*Goal of the exercise*:
Begin with the line that has "Rick Moranis to". Give it and every line after it again, exactly, through the end of the entries below.
Segment Open
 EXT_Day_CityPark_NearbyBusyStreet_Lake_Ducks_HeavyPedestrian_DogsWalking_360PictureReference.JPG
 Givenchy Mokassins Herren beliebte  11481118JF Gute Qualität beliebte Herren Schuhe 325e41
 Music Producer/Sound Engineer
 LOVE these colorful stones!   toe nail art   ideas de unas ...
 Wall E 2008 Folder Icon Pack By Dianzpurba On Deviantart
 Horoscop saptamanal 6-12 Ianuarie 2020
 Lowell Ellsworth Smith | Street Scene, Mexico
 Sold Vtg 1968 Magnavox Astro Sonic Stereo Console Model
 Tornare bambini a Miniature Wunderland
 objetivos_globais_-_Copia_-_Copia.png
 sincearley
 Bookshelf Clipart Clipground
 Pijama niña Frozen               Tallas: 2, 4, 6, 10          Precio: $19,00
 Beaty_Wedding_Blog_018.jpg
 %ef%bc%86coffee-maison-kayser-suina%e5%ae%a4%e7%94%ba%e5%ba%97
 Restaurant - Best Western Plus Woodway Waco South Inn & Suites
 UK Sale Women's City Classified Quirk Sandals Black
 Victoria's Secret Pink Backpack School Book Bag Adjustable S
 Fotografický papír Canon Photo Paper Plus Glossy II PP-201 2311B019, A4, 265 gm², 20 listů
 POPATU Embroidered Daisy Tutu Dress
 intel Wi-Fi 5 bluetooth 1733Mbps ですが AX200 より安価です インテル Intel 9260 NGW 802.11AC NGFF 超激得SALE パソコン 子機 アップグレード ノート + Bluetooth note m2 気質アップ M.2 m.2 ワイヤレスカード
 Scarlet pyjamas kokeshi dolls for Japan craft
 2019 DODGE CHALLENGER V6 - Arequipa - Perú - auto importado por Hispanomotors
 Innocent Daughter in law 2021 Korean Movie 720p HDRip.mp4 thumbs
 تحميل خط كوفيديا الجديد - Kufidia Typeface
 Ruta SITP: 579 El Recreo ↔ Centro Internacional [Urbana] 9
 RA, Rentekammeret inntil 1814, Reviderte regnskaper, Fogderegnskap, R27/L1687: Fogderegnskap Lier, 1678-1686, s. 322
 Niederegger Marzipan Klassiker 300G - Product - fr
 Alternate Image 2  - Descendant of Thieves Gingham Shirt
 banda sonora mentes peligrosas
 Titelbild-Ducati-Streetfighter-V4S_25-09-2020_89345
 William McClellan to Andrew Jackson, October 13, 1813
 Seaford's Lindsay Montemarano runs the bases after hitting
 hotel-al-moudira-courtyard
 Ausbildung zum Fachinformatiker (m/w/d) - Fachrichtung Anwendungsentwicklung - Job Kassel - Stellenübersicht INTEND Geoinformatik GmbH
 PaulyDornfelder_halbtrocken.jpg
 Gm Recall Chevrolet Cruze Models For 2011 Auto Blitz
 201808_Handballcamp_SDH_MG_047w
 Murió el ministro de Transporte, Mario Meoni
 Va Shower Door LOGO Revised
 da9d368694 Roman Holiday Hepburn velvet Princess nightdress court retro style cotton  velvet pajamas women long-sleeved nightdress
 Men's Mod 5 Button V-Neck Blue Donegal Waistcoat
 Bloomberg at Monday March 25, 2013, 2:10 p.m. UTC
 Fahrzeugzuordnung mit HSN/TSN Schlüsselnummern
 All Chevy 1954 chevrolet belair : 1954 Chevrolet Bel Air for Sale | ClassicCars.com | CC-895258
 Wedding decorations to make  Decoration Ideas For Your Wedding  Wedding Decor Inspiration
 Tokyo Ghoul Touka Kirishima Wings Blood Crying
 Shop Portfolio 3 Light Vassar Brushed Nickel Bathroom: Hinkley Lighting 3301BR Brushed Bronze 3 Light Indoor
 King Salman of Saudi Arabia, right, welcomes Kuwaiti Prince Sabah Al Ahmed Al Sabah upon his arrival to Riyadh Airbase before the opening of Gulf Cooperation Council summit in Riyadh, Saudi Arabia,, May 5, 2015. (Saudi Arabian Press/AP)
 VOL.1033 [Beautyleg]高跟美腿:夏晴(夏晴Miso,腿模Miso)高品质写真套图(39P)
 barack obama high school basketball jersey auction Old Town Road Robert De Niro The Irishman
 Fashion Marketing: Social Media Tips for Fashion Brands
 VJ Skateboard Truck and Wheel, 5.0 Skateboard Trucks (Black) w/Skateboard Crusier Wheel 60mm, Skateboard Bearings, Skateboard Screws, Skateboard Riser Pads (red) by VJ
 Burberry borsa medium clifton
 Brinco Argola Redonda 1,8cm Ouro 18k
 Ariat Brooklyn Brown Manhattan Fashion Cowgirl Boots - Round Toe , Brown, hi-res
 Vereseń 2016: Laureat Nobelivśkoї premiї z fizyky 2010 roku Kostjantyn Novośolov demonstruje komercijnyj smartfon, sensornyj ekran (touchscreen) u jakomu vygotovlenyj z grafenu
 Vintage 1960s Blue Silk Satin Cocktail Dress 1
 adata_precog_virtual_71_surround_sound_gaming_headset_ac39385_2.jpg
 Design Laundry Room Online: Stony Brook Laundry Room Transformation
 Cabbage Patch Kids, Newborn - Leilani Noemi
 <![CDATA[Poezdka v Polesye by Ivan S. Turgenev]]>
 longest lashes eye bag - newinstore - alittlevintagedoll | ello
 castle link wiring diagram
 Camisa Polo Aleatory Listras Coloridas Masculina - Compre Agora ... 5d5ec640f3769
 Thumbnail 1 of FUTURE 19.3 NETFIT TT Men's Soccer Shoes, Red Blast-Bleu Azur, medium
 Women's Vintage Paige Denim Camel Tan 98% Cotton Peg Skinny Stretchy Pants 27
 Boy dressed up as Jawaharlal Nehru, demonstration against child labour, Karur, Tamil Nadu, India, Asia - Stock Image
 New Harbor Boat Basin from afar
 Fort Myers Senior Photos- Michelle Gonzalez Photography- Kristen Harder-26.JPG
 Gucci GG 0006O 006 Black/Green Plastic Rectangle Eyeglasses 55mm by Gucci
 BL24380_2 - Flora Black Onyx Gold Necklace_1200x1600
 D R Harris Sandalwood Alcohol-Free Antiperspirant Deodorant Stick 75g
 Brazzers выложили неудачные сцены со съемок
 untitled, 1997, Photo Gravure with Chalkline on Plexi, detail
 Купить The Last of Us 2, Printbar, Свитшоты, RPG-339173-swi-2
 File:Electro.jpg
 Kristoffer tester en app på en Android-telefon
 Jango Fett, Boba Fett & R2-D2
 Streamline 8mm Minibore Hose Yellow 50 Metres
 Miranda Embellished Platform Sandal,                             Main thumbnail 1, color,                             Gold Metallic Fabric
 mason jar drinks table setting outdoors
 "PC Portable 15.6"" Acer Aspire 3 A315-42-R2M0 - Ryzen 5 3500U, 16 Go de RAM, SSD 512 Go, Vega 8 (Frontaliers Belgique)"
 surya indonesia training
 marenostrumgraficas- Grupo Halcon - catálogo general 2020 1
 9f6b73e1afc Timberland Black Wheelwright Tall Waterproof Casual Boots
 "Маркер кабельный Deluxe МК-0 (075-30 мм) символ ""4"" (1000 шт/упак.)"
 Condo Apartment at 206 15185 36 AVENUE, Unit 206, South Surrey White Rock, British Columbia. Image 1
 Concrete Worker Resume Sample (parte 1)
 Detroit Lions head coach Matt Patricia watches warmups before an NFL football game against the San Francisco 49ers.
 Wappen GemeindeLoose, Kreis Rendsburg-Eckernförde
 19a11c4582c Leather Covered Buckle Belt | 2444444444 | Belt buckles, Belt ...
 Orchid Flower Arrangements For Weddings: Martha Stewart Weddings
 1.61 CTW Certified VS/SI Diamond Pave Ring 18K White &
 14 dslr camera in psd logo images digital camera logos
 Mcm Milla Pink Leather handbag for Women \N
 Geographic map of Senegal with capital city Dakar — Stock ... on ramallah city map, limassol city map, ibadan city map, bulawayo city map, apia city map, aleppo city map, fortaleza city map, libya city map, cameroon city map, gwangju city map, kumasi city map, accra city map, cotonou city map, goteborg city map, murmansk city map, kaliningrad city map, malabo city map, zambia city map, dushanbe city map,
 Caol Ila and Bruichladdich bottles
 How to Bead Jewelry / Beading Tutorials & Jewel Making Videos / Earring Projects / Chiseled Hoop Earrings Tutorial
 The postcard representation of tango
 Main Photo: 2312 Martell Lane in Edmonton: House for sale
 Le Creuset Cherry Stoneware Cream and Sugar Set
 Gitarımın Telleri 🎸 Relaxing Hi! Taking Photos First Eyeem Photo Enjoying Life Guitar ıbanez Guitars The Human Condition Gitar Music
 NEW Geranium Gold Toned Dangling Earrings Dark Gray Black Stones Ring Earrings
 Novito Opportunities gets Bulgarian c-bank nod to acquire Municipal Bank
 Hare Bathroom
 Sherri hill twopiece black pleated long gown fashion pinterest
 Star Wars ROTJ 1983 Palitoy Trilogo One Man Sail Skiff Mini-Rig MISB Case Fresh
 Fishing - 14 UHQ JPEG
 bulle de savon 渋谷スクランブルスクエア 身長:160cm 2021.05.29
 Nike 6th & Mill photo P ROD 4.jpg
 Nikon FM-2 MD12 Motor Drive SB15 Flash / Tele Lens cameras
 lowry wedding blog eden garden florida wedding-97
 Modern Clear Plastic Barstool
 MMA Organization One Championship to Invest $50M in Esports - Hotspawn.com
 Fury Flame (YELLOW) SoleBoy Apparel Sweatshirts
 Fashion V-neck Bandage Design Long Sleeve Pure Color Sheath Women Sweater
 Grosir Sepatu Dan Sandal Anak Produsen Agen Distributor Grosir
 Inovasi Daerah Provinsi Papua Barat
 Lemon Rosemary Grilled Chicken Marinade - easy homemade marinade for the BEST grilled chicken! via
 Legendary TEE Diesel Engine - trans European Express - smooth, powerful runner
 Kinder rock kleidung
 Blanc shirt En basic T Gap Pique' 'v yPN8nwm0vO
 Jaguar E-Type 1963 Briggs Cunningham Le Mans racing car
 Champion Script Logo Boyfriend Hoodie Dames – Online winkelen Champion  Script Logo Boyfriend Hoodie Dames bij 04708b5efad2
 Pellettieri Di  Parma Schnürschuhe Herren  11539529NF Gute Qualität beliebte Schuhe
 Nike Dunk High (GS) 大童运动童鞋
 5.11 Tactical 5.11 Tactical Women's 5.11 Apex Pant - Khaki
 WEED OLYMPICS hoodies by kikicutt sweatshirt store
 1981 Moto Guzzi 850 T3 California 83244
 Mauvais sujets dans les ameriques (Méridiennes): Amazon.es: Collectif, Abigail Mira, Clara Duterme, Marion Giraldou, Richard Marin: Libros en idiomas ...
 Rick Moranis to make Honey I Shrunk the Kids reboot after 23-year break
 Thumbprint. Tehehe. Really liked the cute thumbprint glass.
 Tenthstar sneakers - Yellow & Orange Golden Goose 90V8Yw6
Segment Closed
*Answer to the problem*:
 Rick Moranis to make Honey I Shrunk the Kids reboot after 23-year break
 Thumbprint. Tehehe. Really liked the cute thumbprint glass.
 Tenthstar sneakers - Yellow & Orange Golden Goose 90V8Yw6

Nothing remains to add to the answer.